Top of Data provided

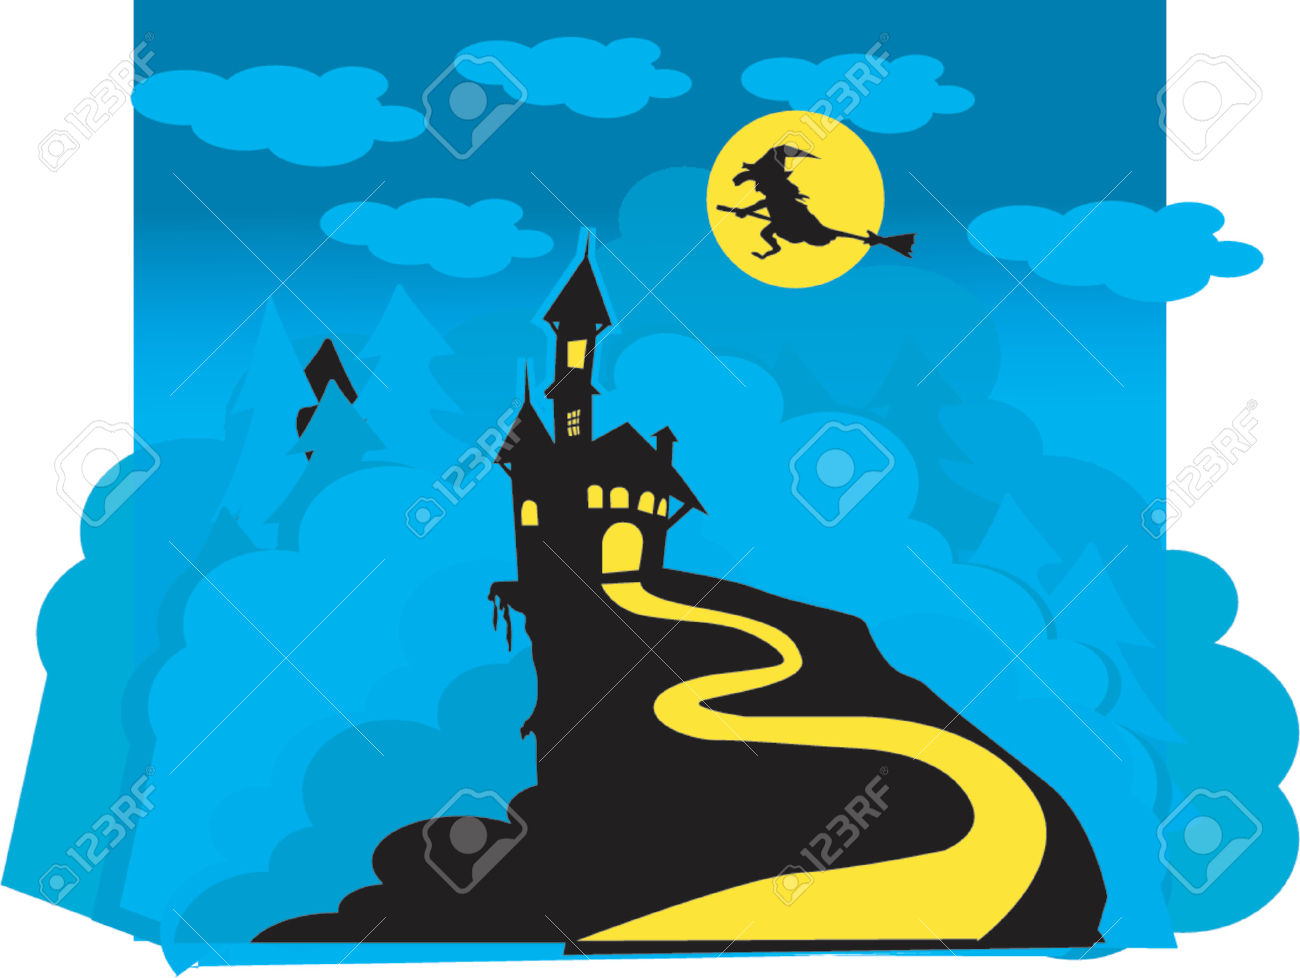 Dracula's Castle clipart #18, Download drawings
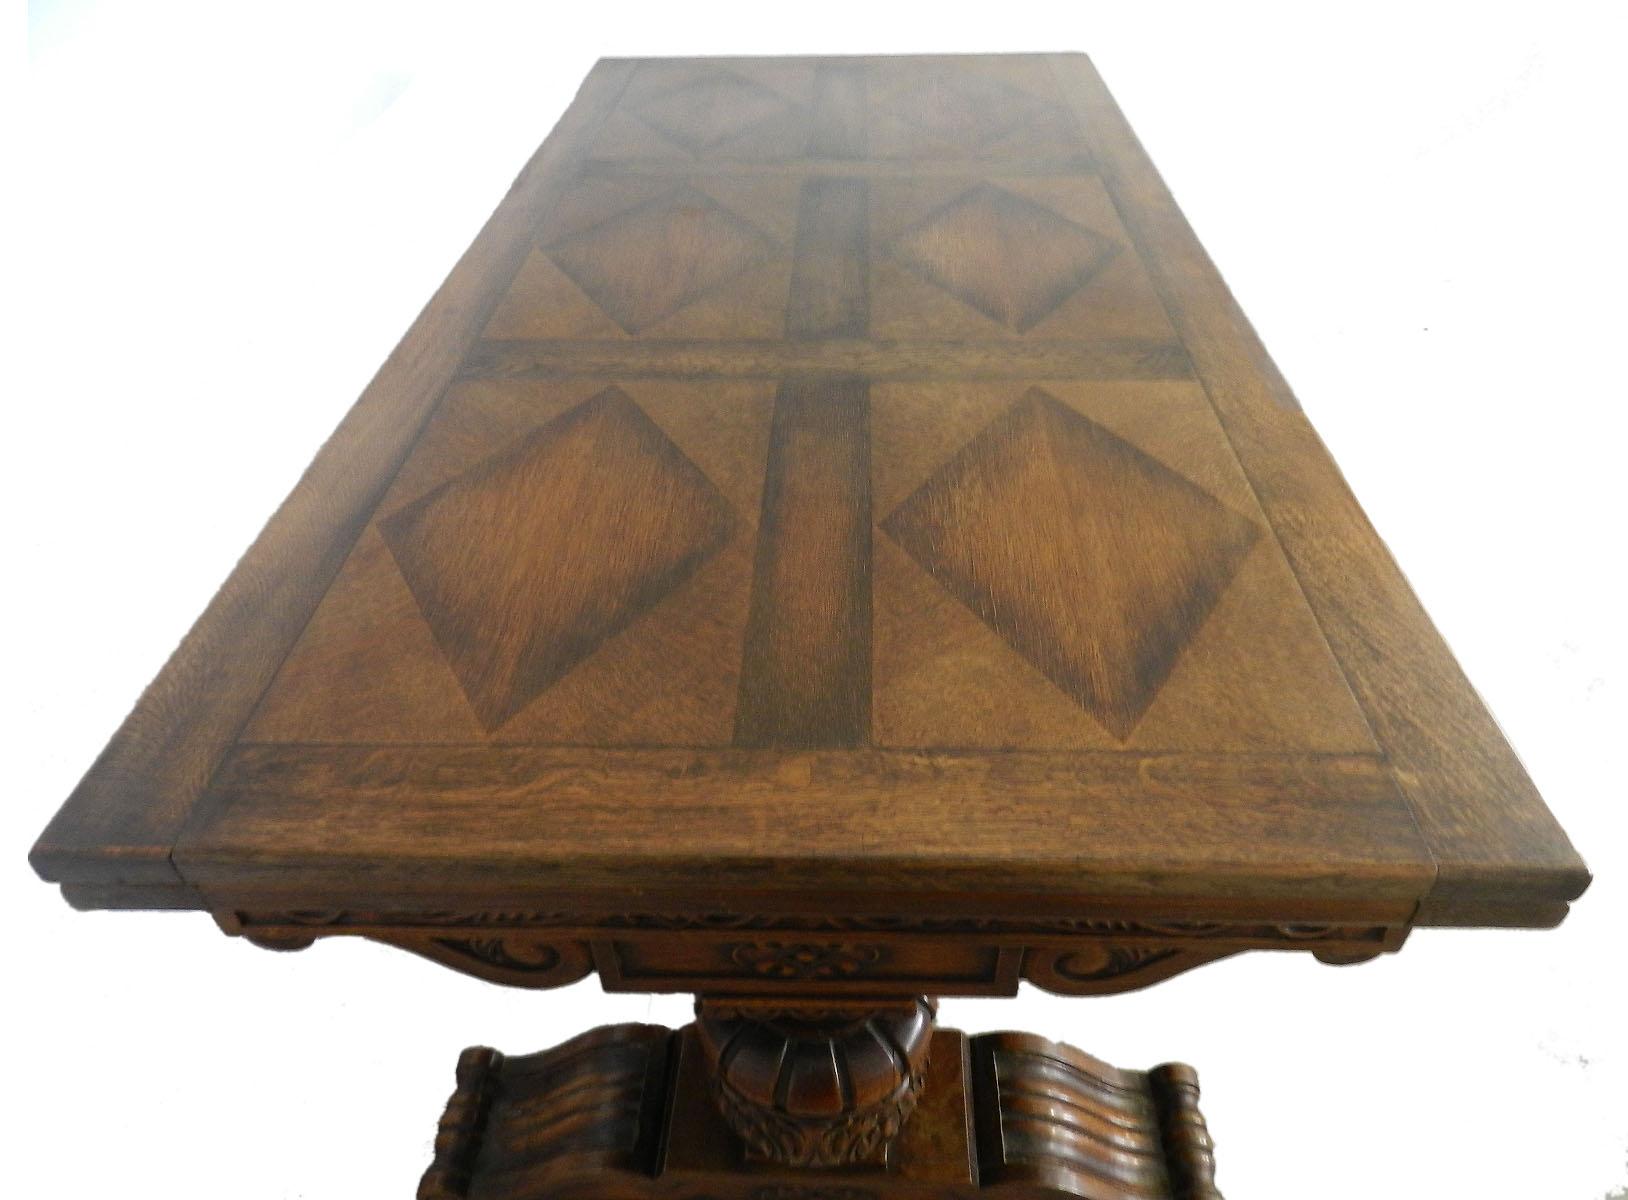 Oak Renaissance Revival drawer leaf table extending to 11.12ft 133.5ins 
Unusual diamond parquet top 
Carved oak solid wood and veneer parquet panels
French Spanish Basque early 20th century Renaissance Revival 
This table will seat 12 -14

Bottom of Data provided

**Your objective**
The answer must contain only the lines from the one with "Unusual diamond parquet top" to the end of the entries above, each written out exactly.

**Exercise result**
Unusual diamond parquet top 
Carved oak solid wood and veneer parquet panels
French Spanish Basque early 20th century Renaissance Revival 
This table will seat 12 -14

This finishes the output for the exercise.